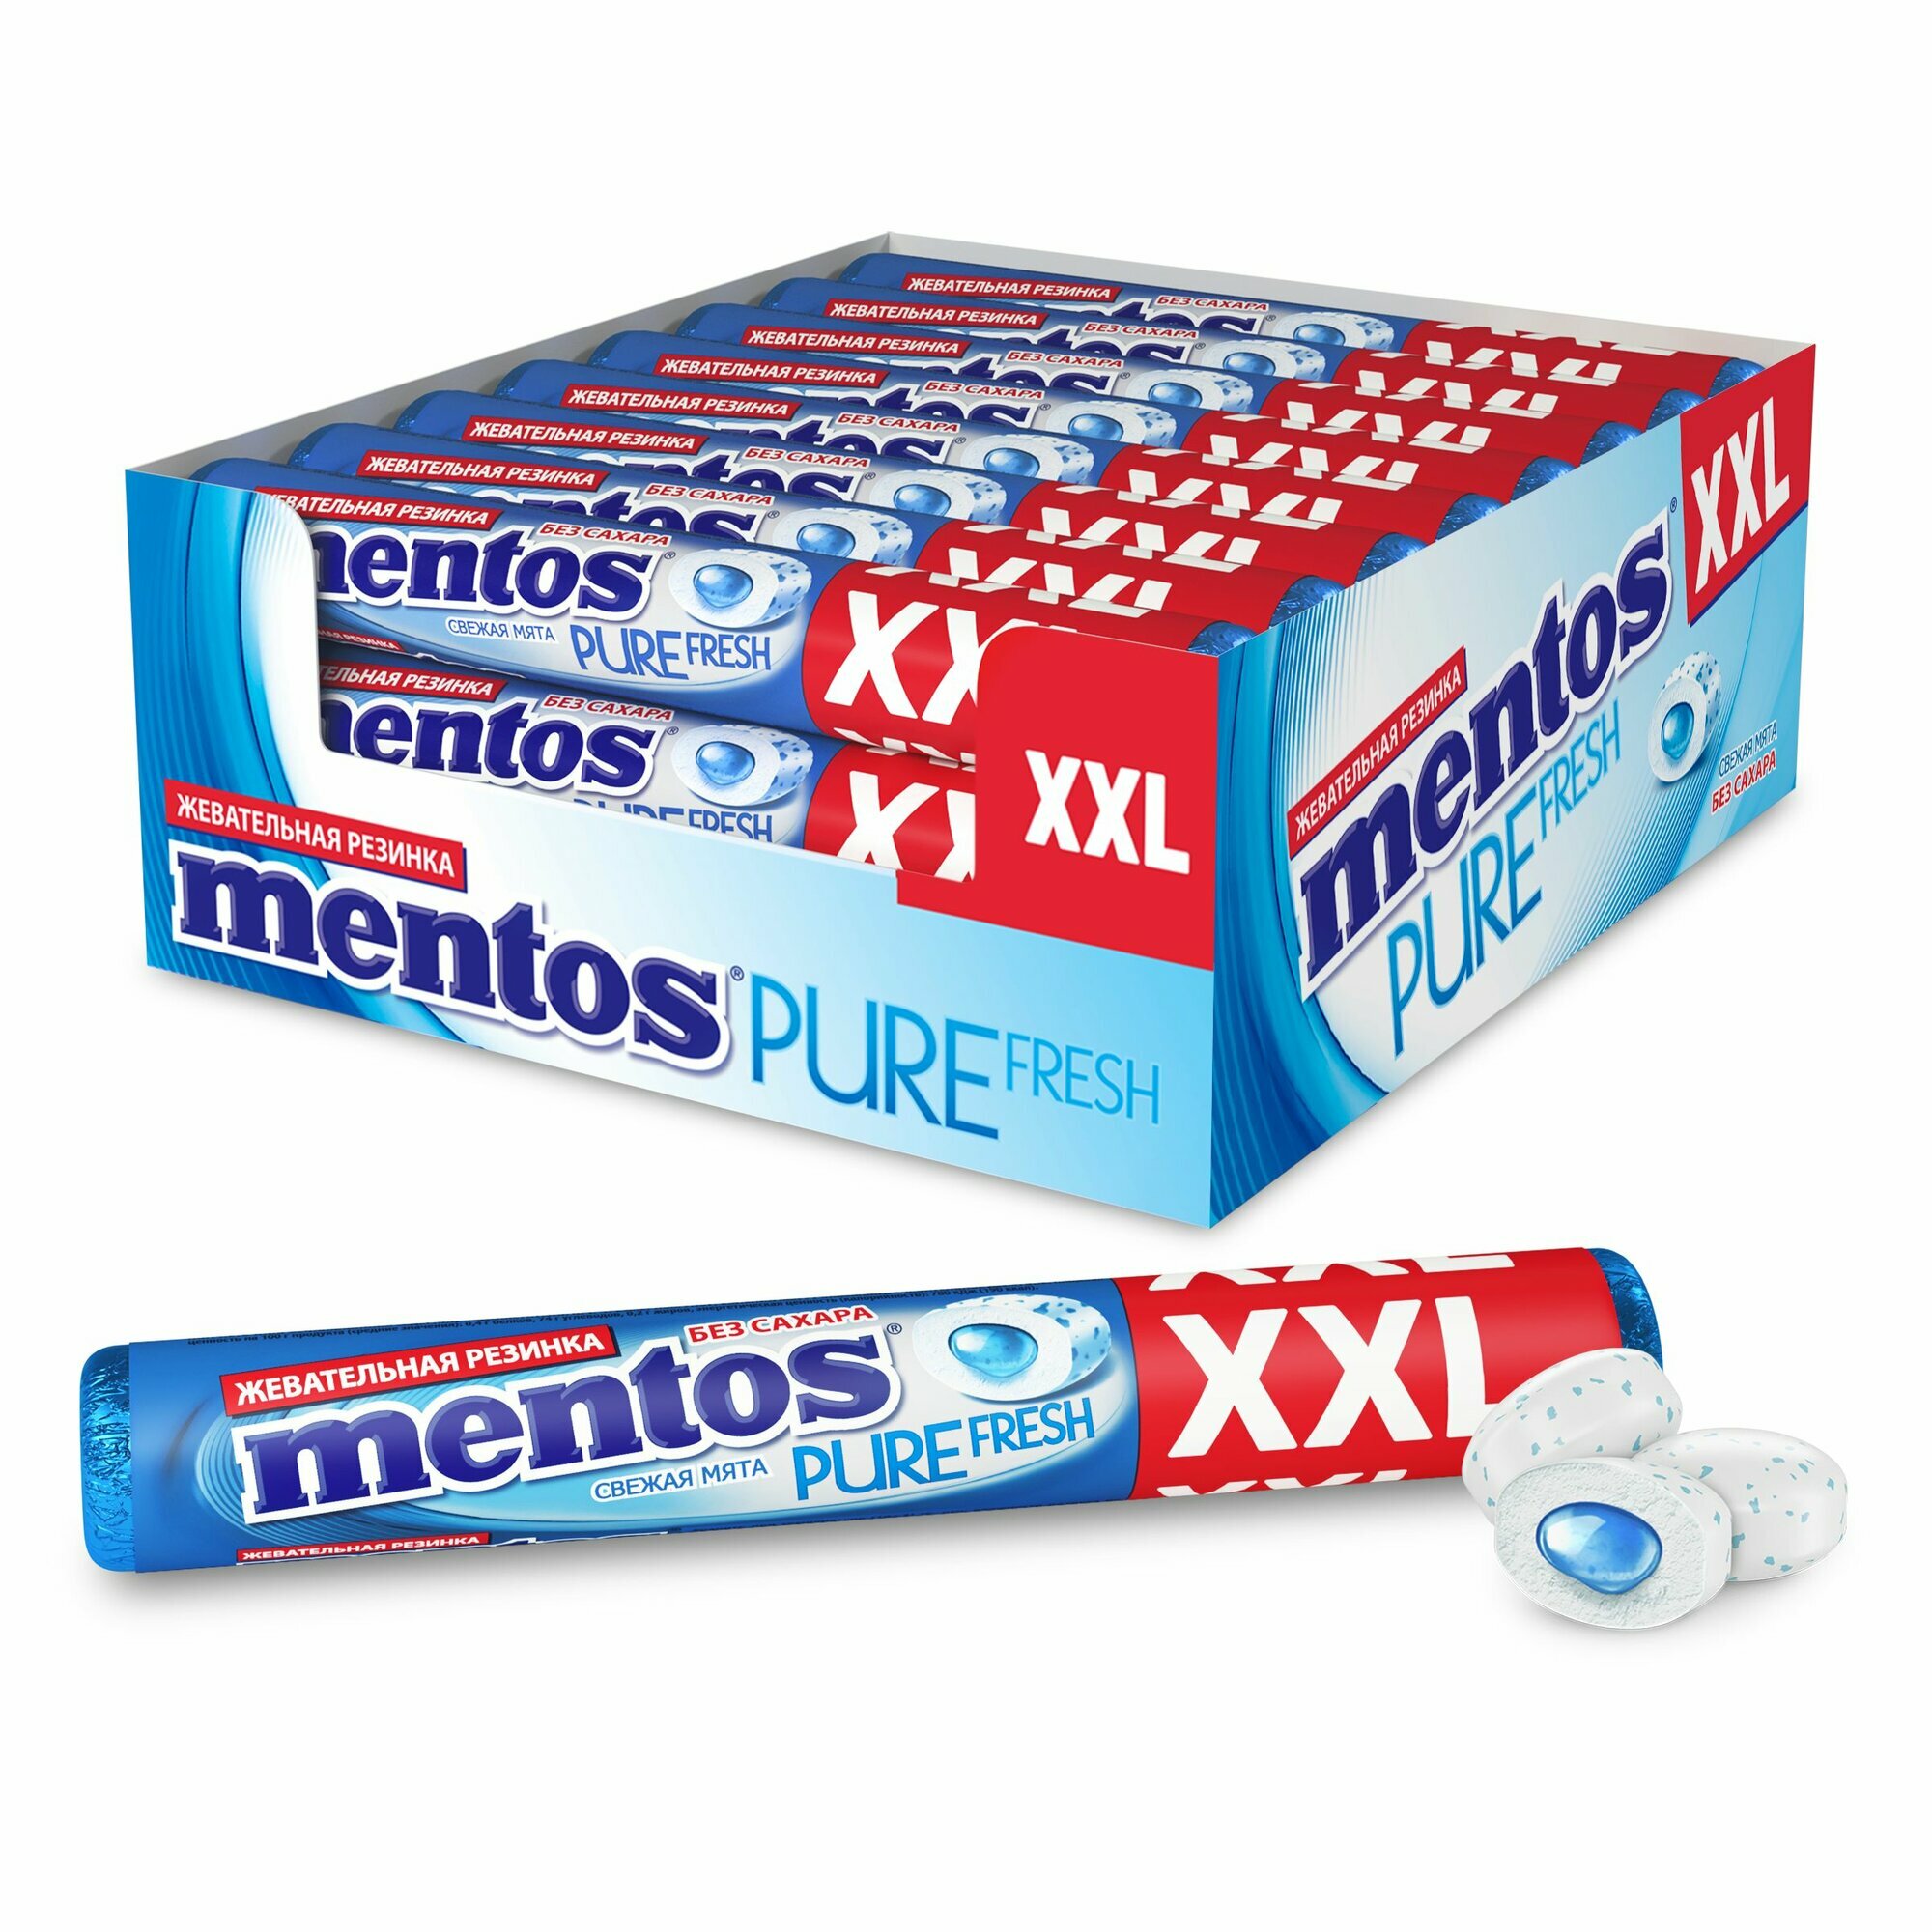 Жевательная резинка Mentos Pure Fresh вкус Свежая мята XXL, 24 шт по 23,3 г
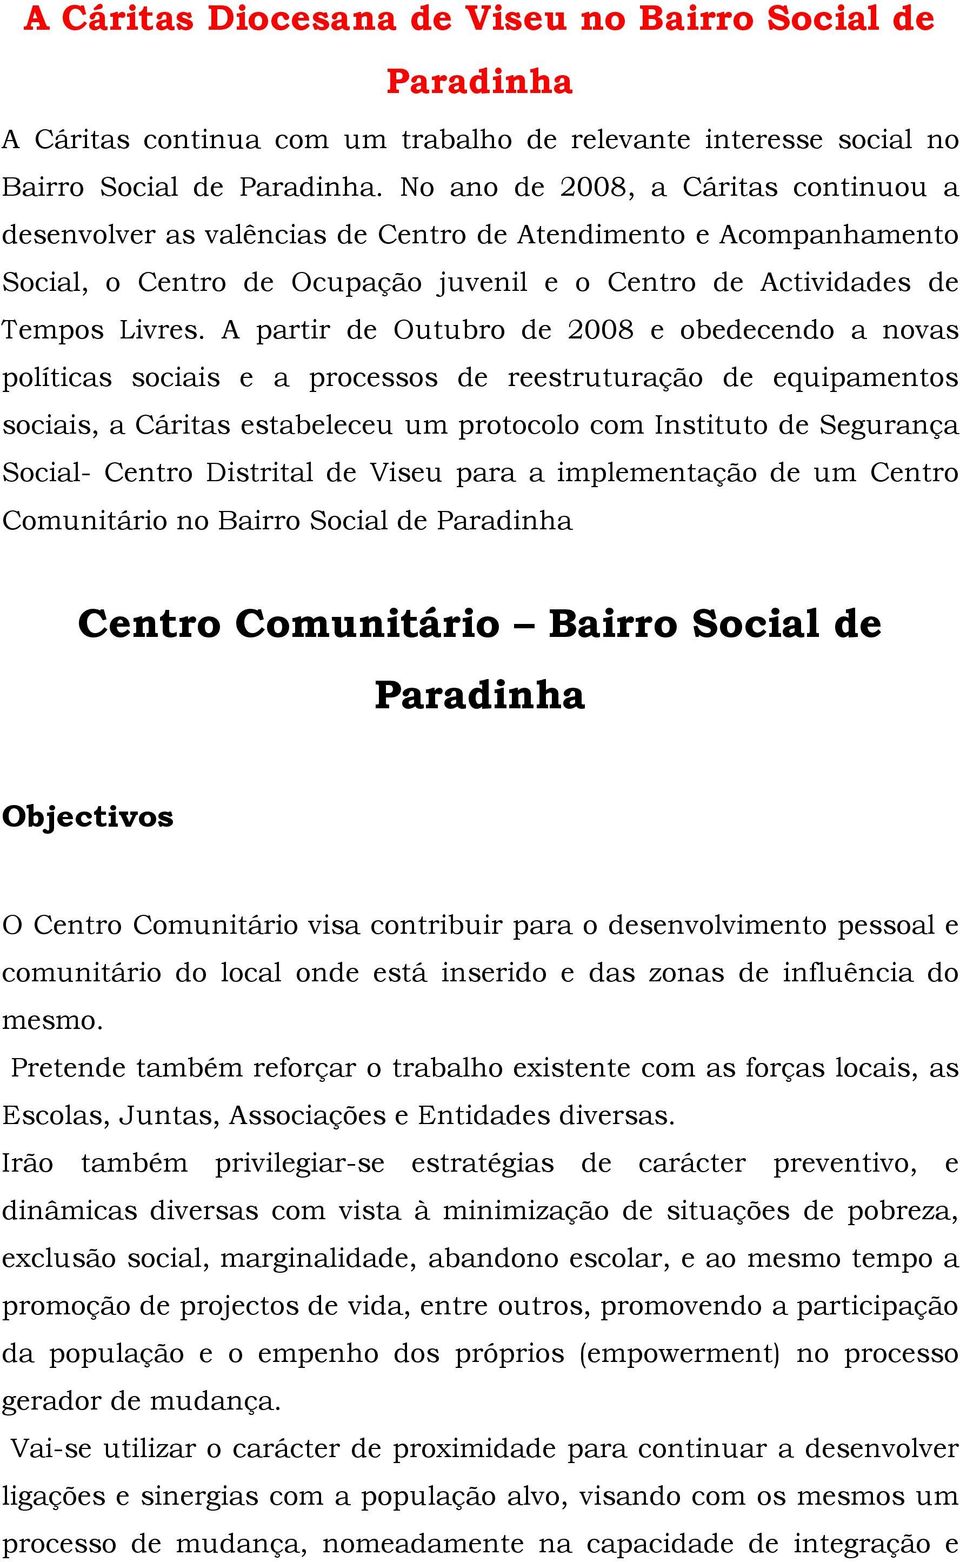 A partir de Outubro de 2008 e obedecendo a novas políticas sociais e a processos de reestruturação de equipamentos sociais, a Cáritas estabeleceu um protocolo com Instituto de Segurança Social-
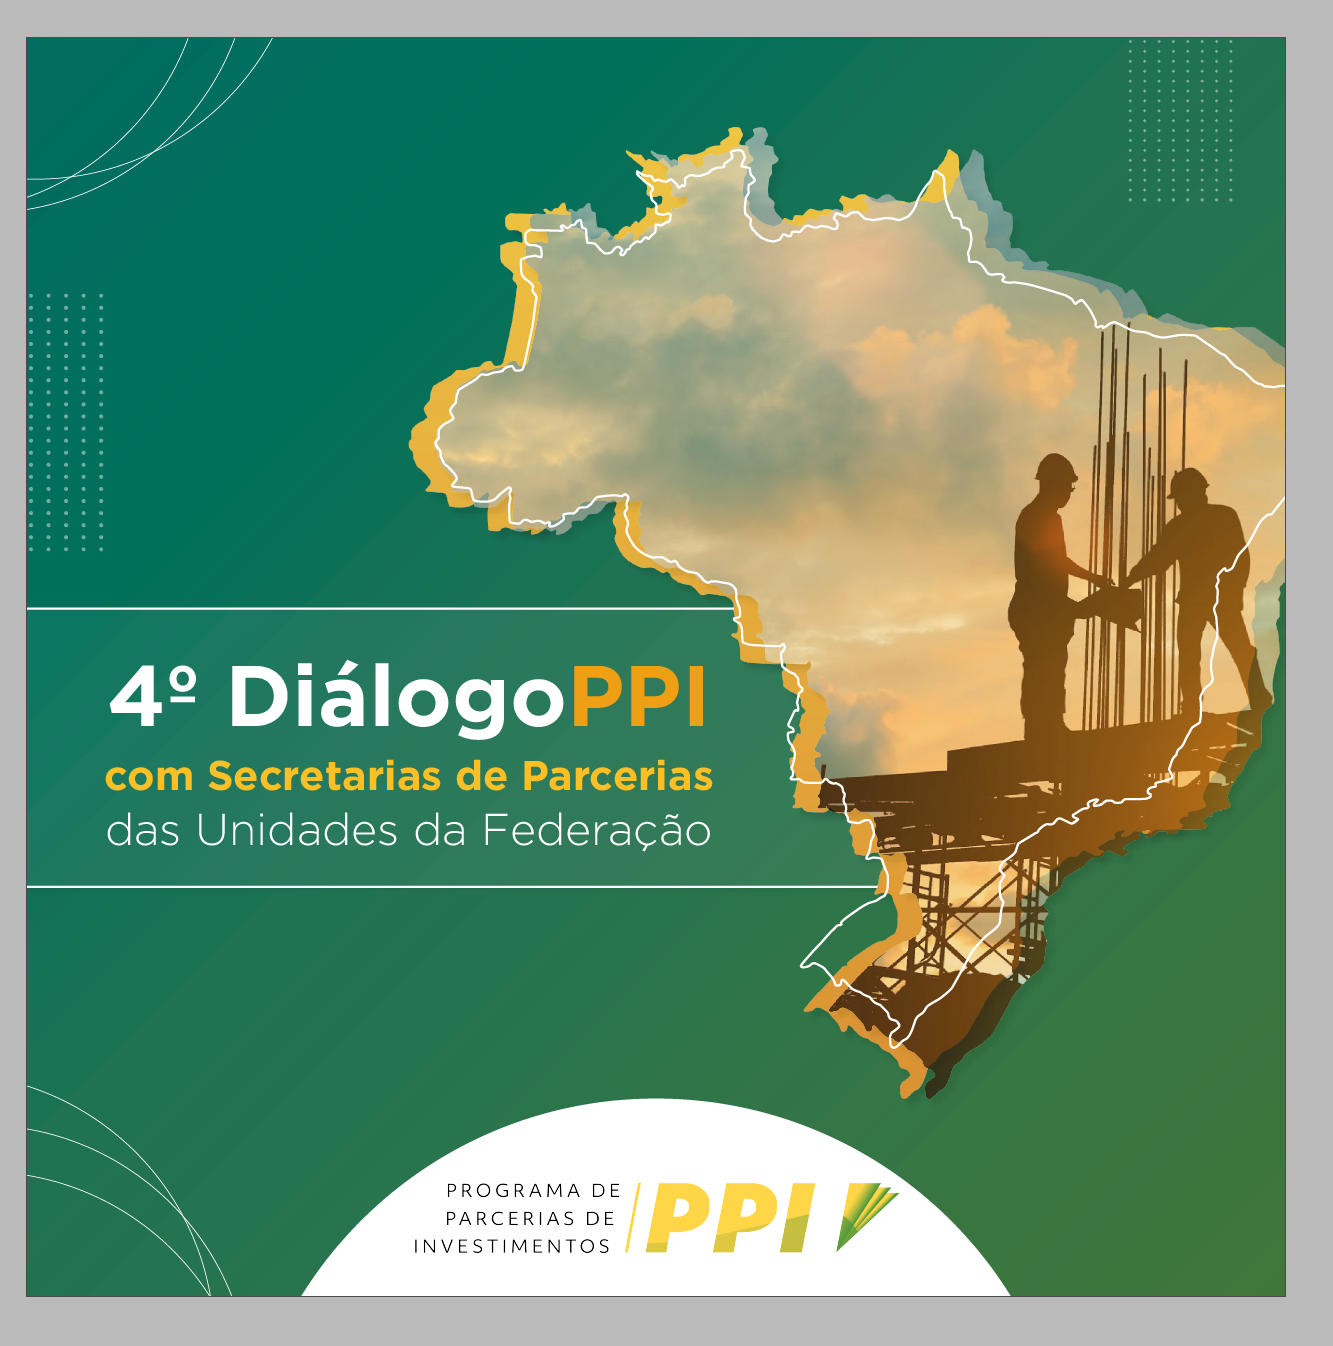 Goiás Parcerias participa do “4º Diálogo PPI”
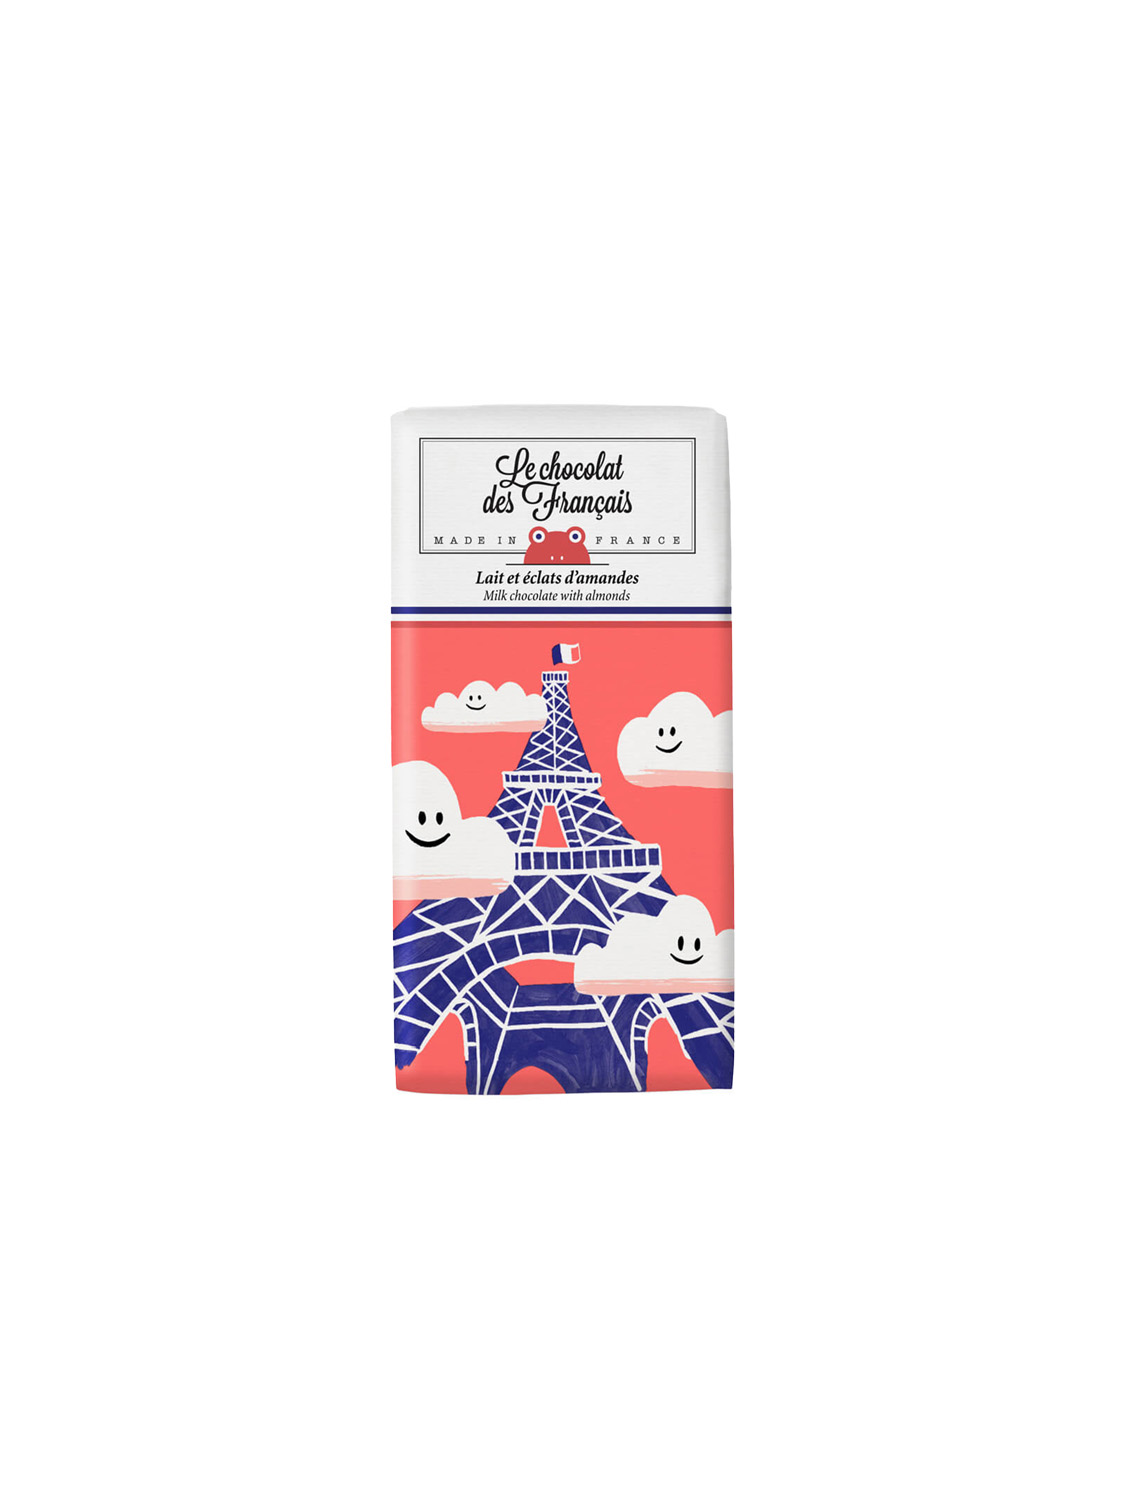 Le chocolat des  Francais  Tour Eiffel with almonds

○ ○ ○ ○ ○ ○ ○

**THE TASK**
Everything from the line with "Goiás Parcerias participa" through the final line of the material is to be returned exactly, both ends included, apart from the pictures.

**PROBLEM SOLUTION**
 Goiás Parcerias participa do “4º Diálogo PPI”
 Le chocolat des  Francais  Tour Eiffel with almonds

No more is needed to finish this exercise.